Dewpointe also marks another early move toward the growing, and likely inevitable, trend toward water recycling. Singapore has already taken steps toward water recycling with its NEWater program, which purifies wastewater and re-circulates it back into the system for human consumption. Mark Shannon, a professor at the University of Illinois, meanwhile, is working on a device that extracts reuseable water, minerals and methane from human waste streams.

Some companies have already begun selling systems that let consumers take gray water from their showers to water the garden.

Dewpointe doesn't go to these extremes, but it's recycling nonetheless because a large portion of the water in the household atmosphere comes from human activities such as cooking or showering.

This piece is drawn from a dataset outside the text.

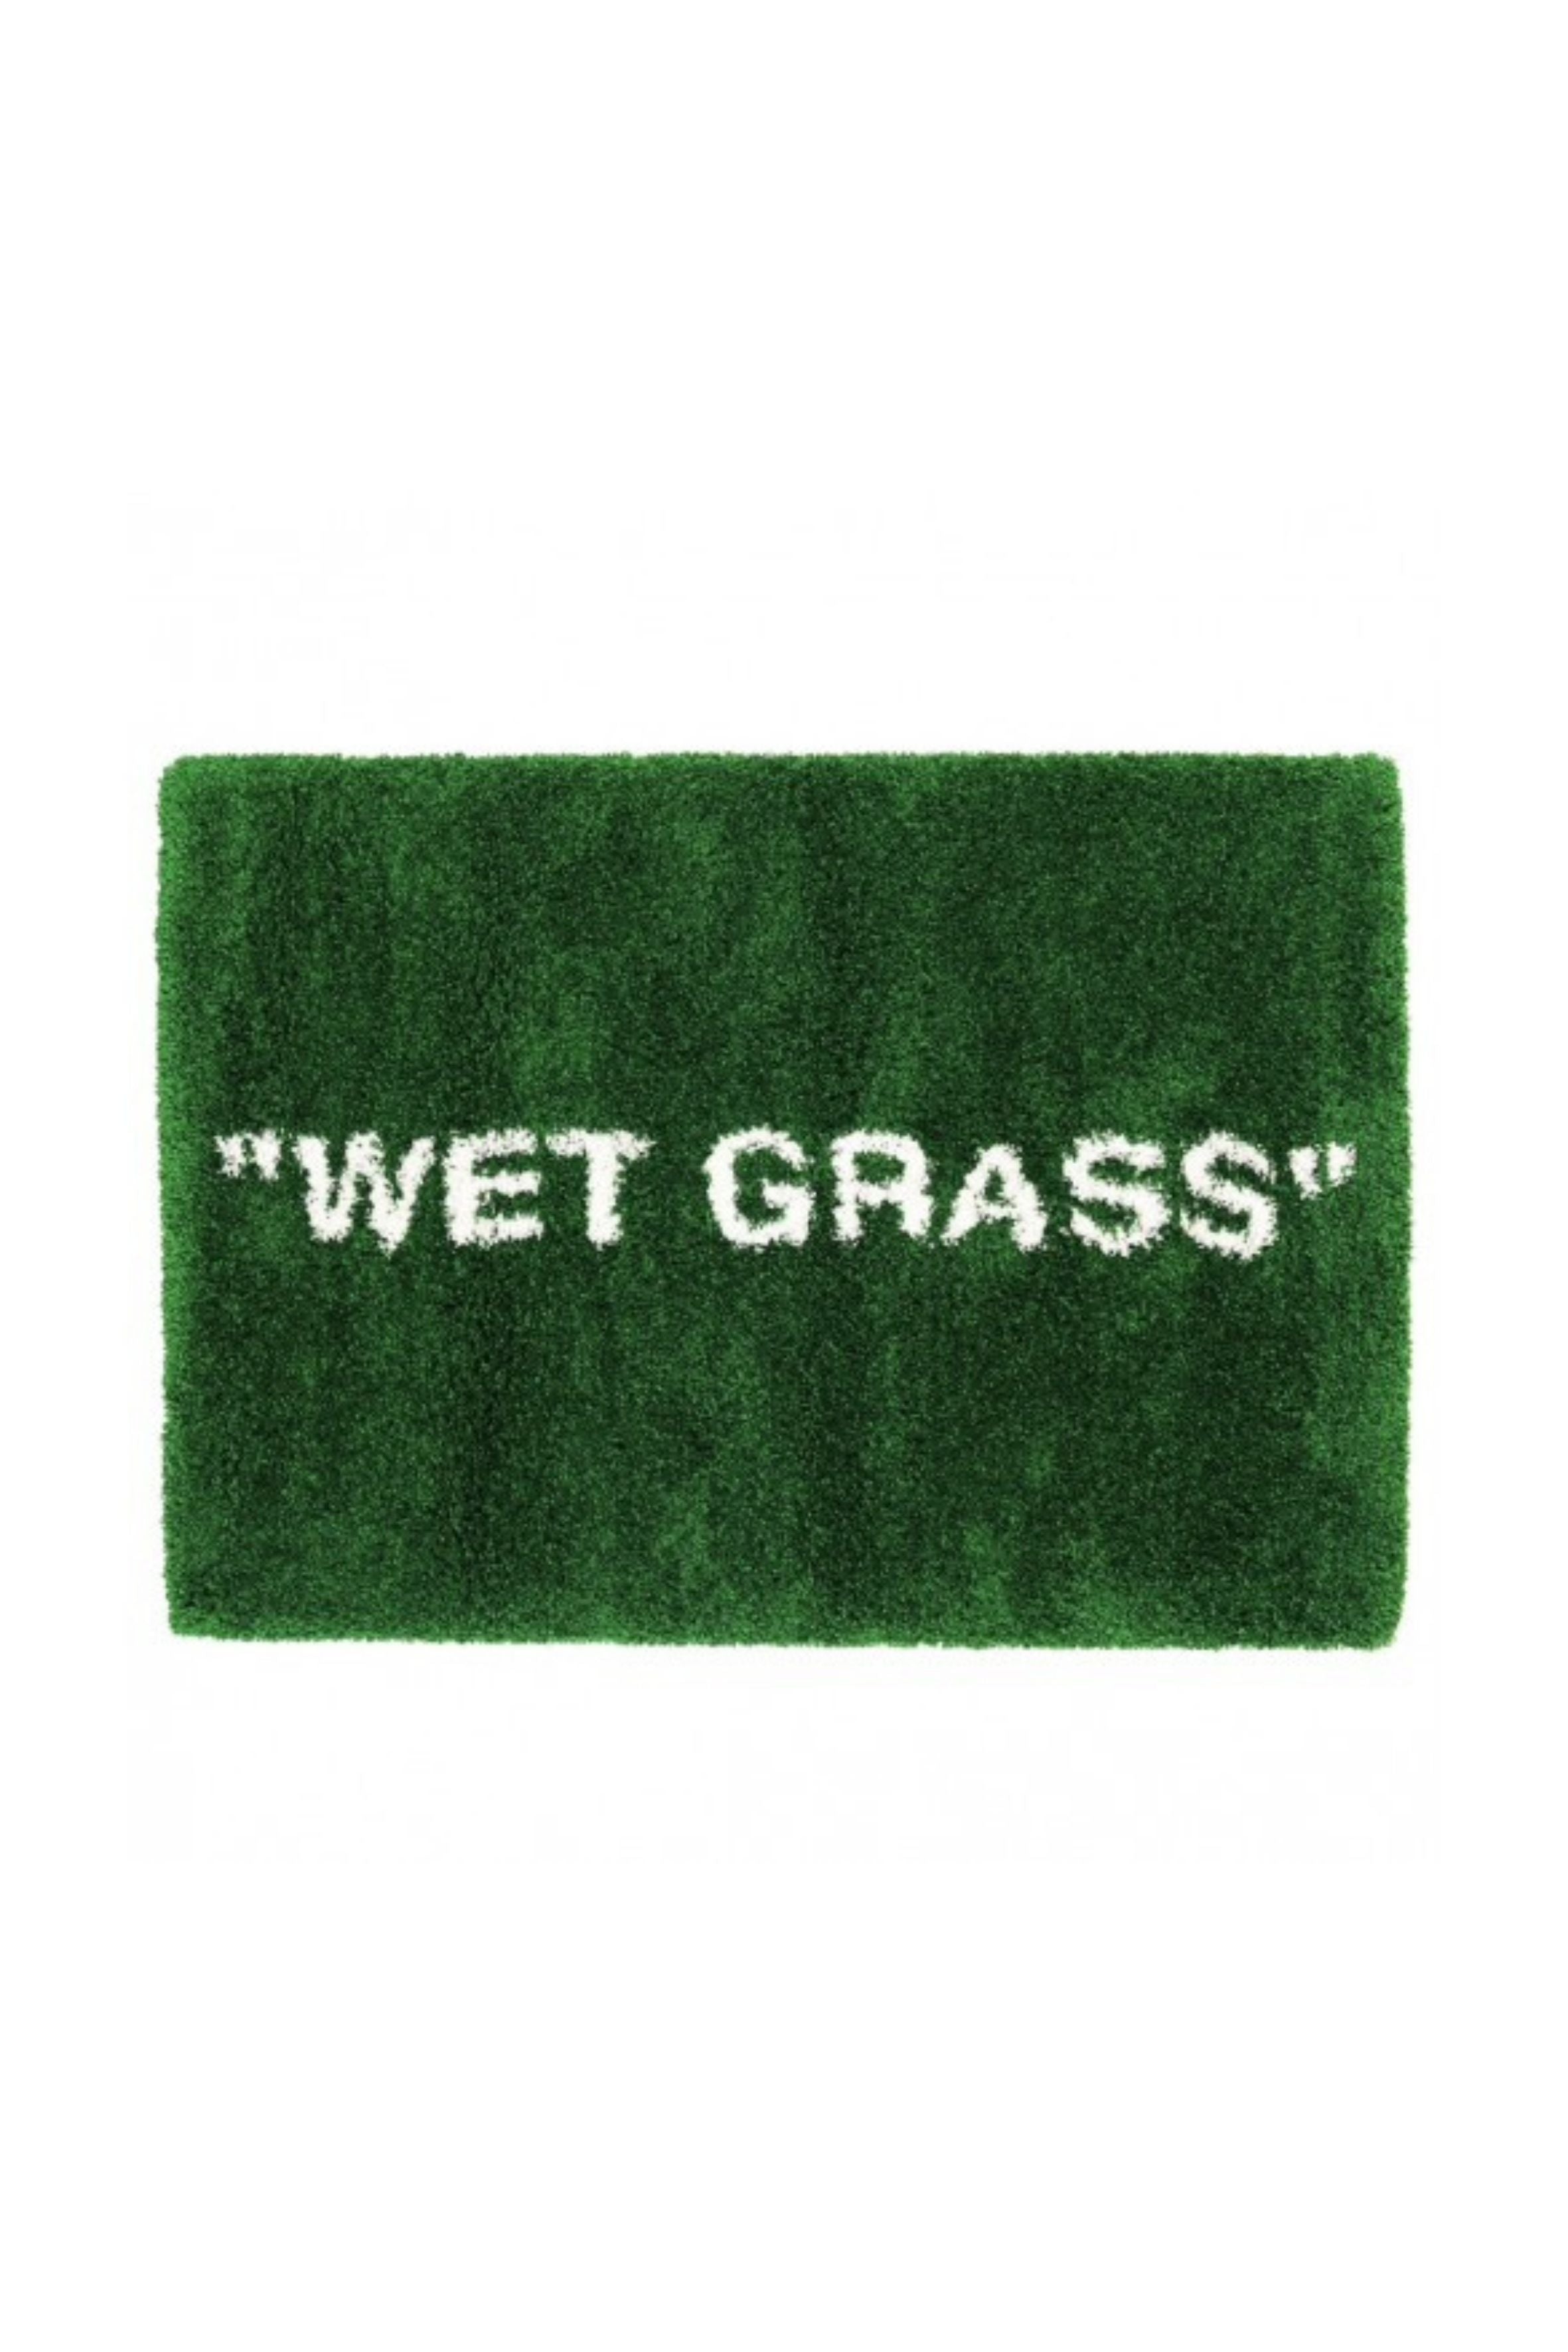 Wet Grass Wet Grass Rug Wetgrass Wet Grass Pattern Rug

"The best place [for installing a unit] is the bathroom," Krauss said. "You can also put one in the kitchen or laundry room."

But, he adds, your water won't taste like All-Tempa-Cheer. Before humans can drink it, the water gets passed through a UV light purification stage, a carbon filter and a reverse osmosis filter. This removes minerals as well as airborne contaminants.

Dewpointe won't work in dry environments like Phoenix, Arizona, he added. Consumers need to live in areas that are 40 to 45 percent humid or more. San Francisco has a relative humidity of 60 percent, he said.

A basic system, which started selling in June, costs $1,600. Leasing programs are available.

Comments [9]

  • Nigel 10/13/09 11:50 AM

    One might be wary of the claim that this is more ecologically friendly. The benefit of operating at large scale is the economies and efficiencies of scale. This basically amounts to an air conditioning unit minus the fan - it’s not clear to me that this would be that much more efficient than an optimized municipal water system when an entire life-cycle analysis is done.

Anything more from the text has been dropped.